Они иносказательно обменивались грустными мыслями, она — с оттенком жалости, он — с оттенком гадливости к этой пещере Полифема — к дому, городу, миру, где каждый из заключённых терпеливо ждёт своей очереди быть съеденным.
— А теперь, — сказал Марк, — пришёл и мой черёд.
Аннета уцепилась за его руку:
— Нет! Не говори этого!
Но она раскаивалась, что не дала ему высказаться. Надо, наконец, узнать, на что он решился.
Марк молча смотрел на мать. Сидя у её ног на низком табурете, обняв руками поднятые колени, он долго не отрывал от неё полного решимости взгляда. А она впилась в него глазами… Боже, до чего она приросла к нему!.. Но он больше не будет злоупотреблять этим. Она — его сокровище.
Марк улыбнулся Аннете и сказал:
— Странно! Оба мы до войны не были пацифистами.
— Забудь это слово! — сказала Аннета.
— Ты права. Его осквернили. Все те, у кого оно не сходило с языка, отреклись от него.

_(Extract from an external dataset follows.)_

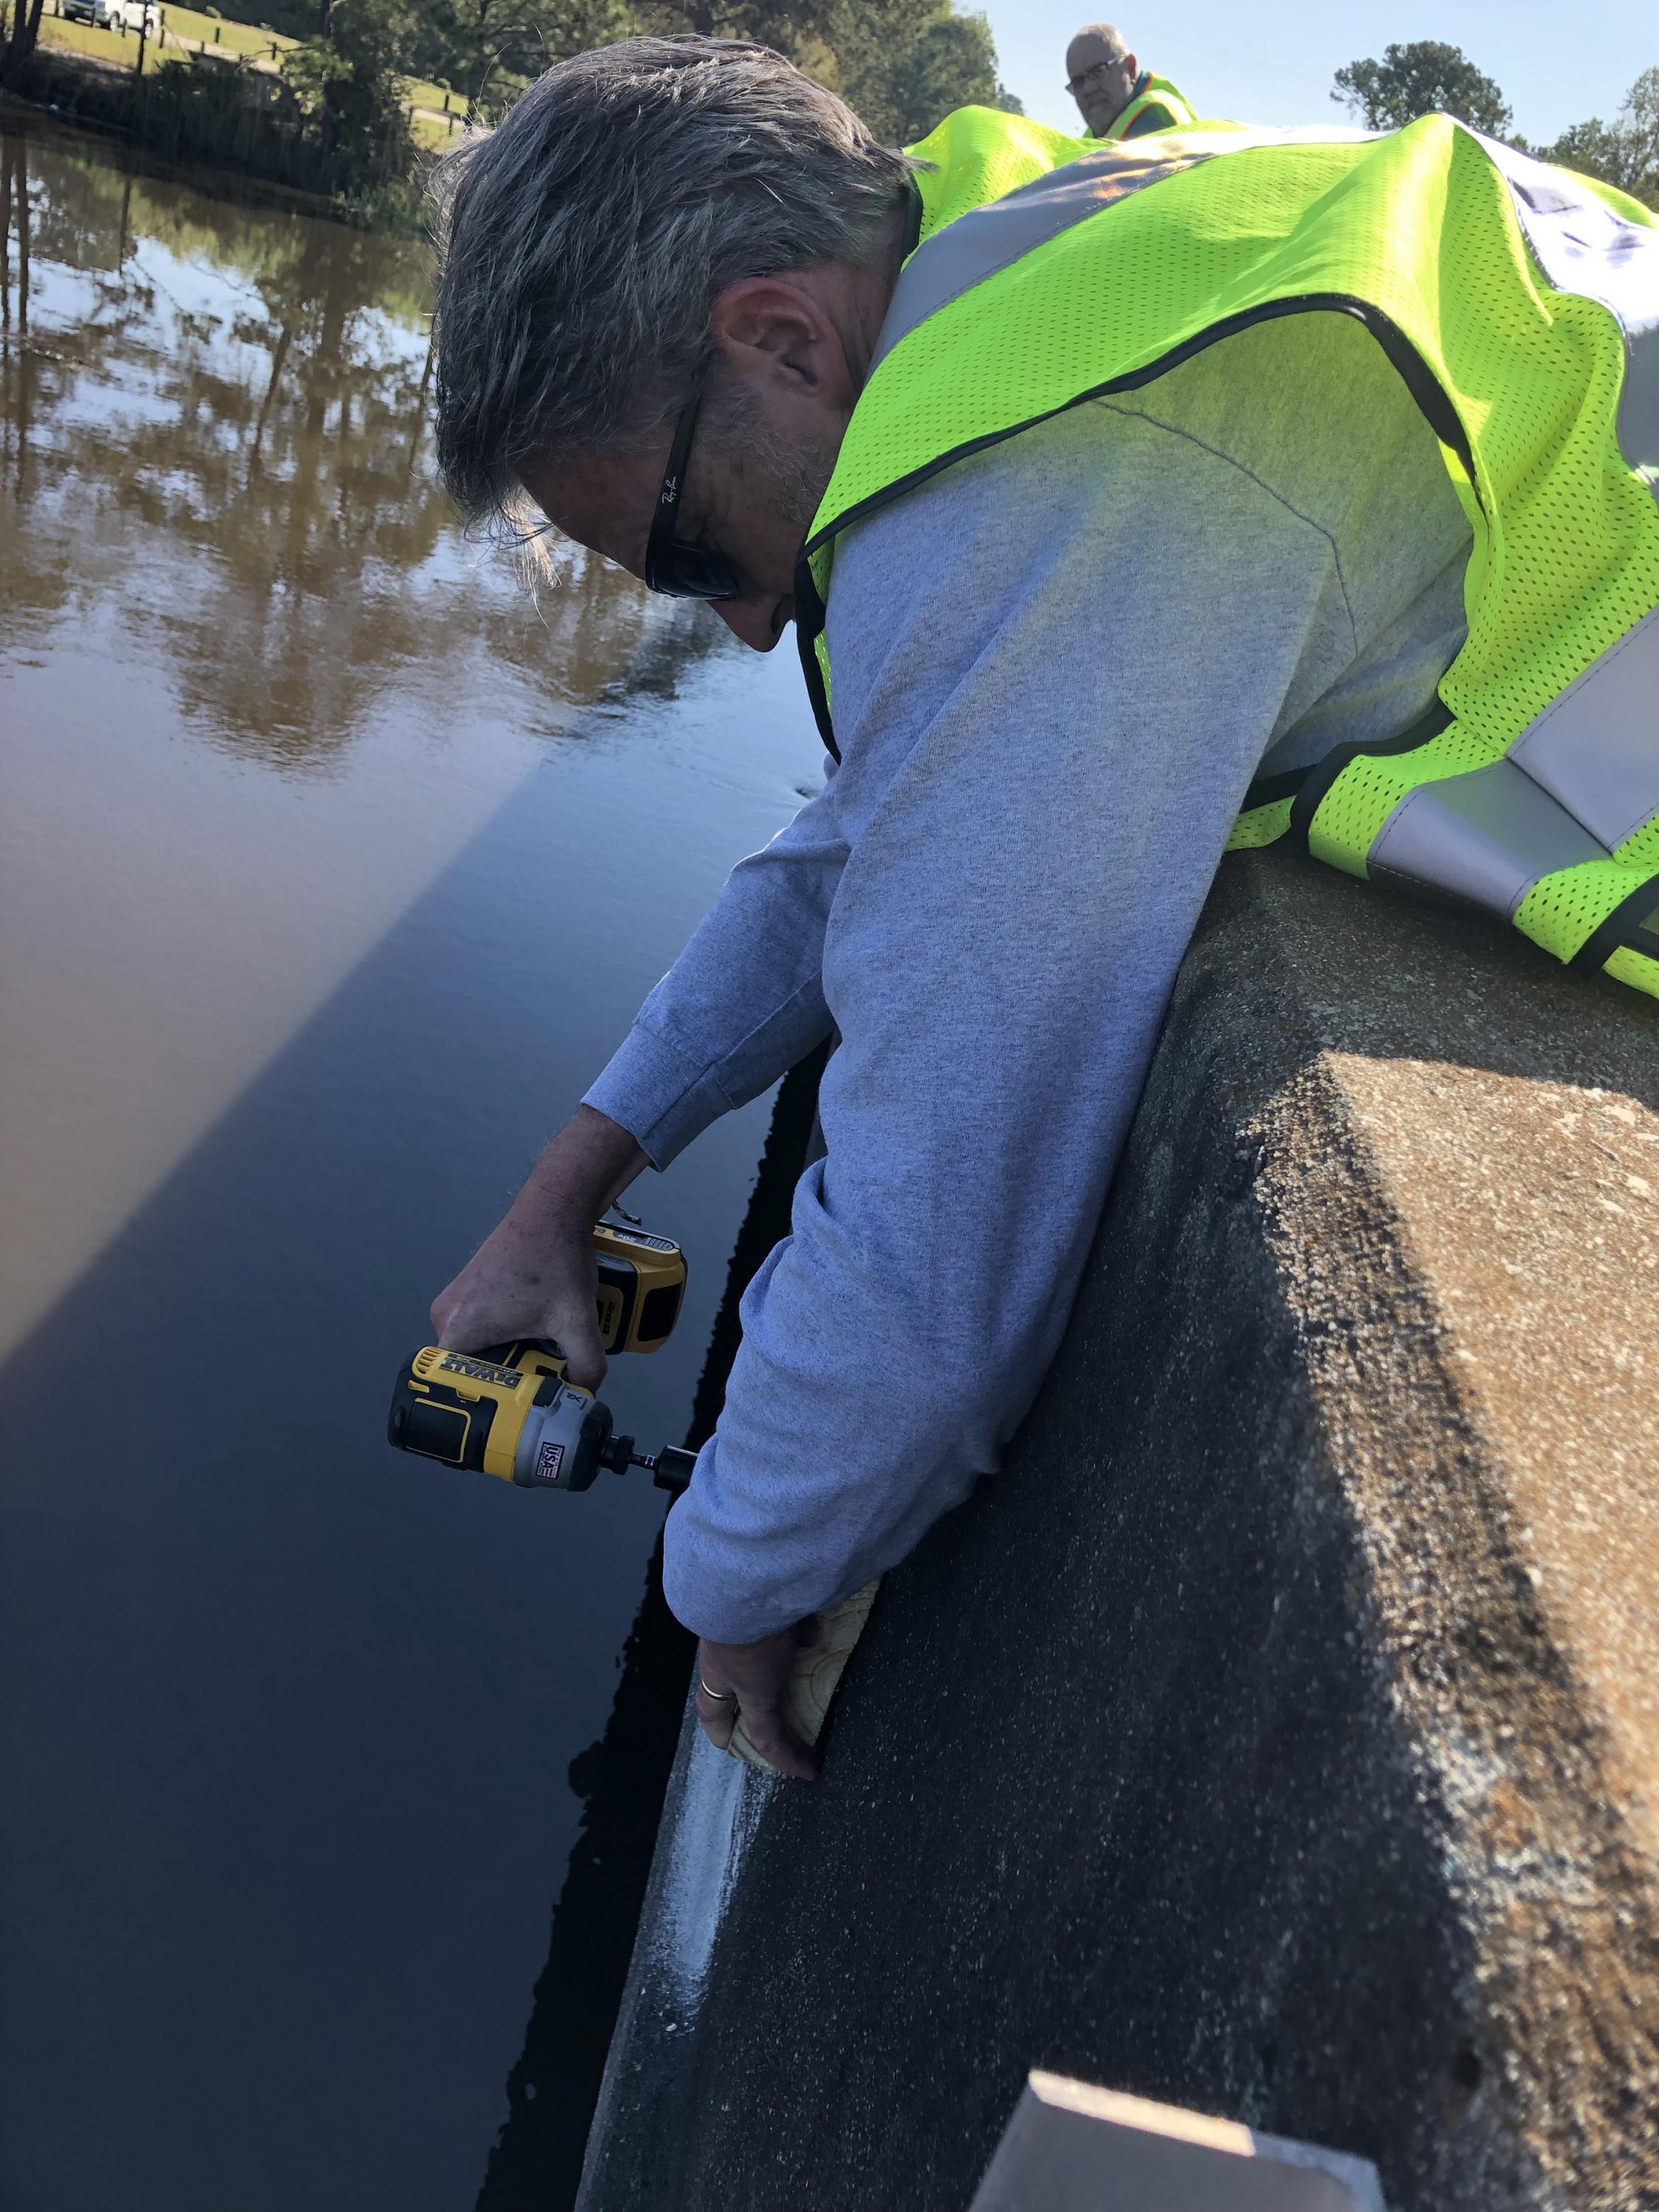 A sensor placed on the U.S. Highway 17 bridge in Chatham County will provide planners with detailed information about water levels during flooding conditions. (Credit: Chatham County)

— Если бы у них хватило искренности отречься! Но, изменяя ему, они продолжают носить личину.
— Пусть! — сказал Марк. — Но мы, отрицающие войну, прежде не были против неё. Я помню, что вначале радовался ей. А ты приняла её. Что же изменило нас?
— Её мерзость, — сказала Аннета.
— Её лживость, — сказал Марк.
— Когда я увидела, — продолжала Аннета, — это презрение к слабым, к разоружённым, к пленным, к людскому горю, к священным чувствам, эту игру на низменных инстинктах, насилие над совестью, страх перед общественным мнением, этих баранов, которых гримируют под героев и которые становятся героями именно потому, что они бараны, этих добрых людей, которых заставляют убивать, эту безвольную массу, которая не понимает сама себя и позволяет горсточке безумцев вести себя, — я содрогнулась от стыда и боли!
— Когда я увидел, — сказал Марк, — эту омерзительную войну, которая прячет свою звериную морду, это стадо оборотней, этих хищников, выступающих под маской Права и под шумок залезающих в чужие карманы, это жестокое рабство, которое рассчитывает околпачить нас, козыряя выхолощенным словом «свобода», этот ханжеский героизм, — я рассмеялся им в лицо!
— Не дразни их! — сказала Аннета. — Их целое сонмище.
— Конечно! Нет подлее тирана, чем миллион подлецов, собравшихся вместе.
— Они не ведают, что творят.
— А пока они этого не узнают, пусть их посадят на цепь!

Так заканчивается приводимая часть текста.